Но Джозефина продолжала, видимо, совсем не замечая моей отрешенности:
- Жалко только, что друзей теперь буду видеть лишь по выходным. Ну и ладно. А в этой школе я вообще никого не знаю. Люди здесь хорошие?
- Неа.
Джозефина засмеялась, что немало меня удивило:
- Ага, это я и слышала о вашей школе. Глен Парк полон мудаков. Школа Джона Хеспелера - это школа торчков. Куин Лиз для богатеньких, а Глен Парк весь в мудаках.
- Мой папа работает в Джоне Хеспелере, - сказала я.
- Правда? А он тоже дует?
Мы засмеялись, и я почувствовала, как моя скованность начала отступать:
- Хер там. А какие ребята в Богородице?
- Клевые. Наверно, из-за того, что многие из религиозных семей, там все строго у них. Поэтому очень часто они отрываются по полной. Но и там мудаки есть.
Мы проболтали до конца занятия, а потом вместе пошли обедать. И с тех пор делали так каждый день.
ГЛАВА ПЯТАЯ
Мое новое знакомство стало для мамы настоящим облегчением. Теперь, когда я запиралась в своей комнате и слушала музыку, делая домашнюю работу, она уже не жаловалась на шум и прочее. Она ни слова не говорила относительно моего прикида или прически. Папа тоже молчал. Наверно, они были по-настоящему счастливы, что в школе дела шли ровно, что я рассказывала о Джозефине и приносила домой хорошие оценки. Я и сама была счастлива. Джозефина, конечно, не слушала металл, но это меня не заботило. Да и она не высмеивала мой вкус.
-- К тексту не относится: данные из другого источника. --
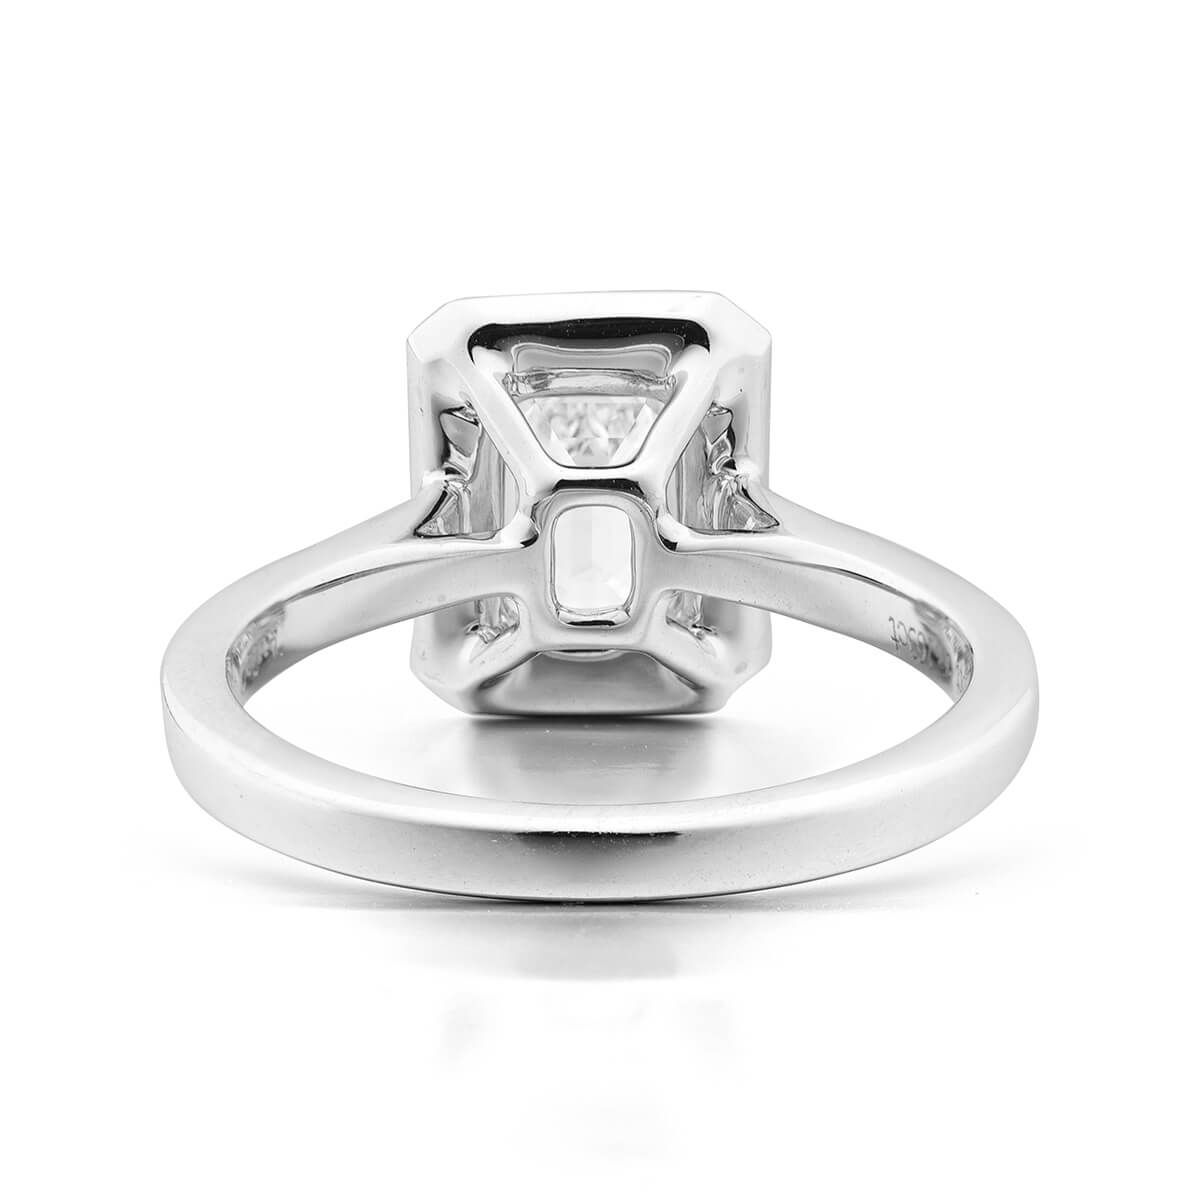  White Diamond Ring, 1.09 Ct. (1.25 Ct. TW), Emerald shape, GIA Certified, 2287401135

Иногда по субботам мы выбирались в центр за покупками, в основном, выискивая одежду и прочее барахло по комиссионкам. У нас не было кучи карманных денег, чтобы ходить в фирменные магазины, но это даже к лучшему, ведь мы вовсе не интересовались модным дерьмом. Я всегда искала что почернее да помрачнее и старые, сурового вида ботинки. А Джозефина была кем-то вроде хиппи в этом плане, поэтому подбирала длинные платья и свитера. Нам никогда не приходилось спорить из-за шмоток, и мы никогда не критиковали выбор друг друга. Это была прекрасная осень. Желтели, а потом и опадали листья, пока мы с Джозефиной ходили в центр, болтая по дороге. Я чувствовала себя важной, потому что у меня была подруга. С ней я научилась расслабляться и просто быть собой, честно рассказывая ей, как не выносила ребят из школы. К тому времени она уже столкнулась с Бренди, но та отнеслась к ней как к обоям, выбрав себе в жертвы тех, кто каким-то образом задел ее сильнее, чем моя новая подруга.
Джозефина стала приглашать меня на вечеринки со своими друзьями из Богородицы. Они веселились каждую неделю.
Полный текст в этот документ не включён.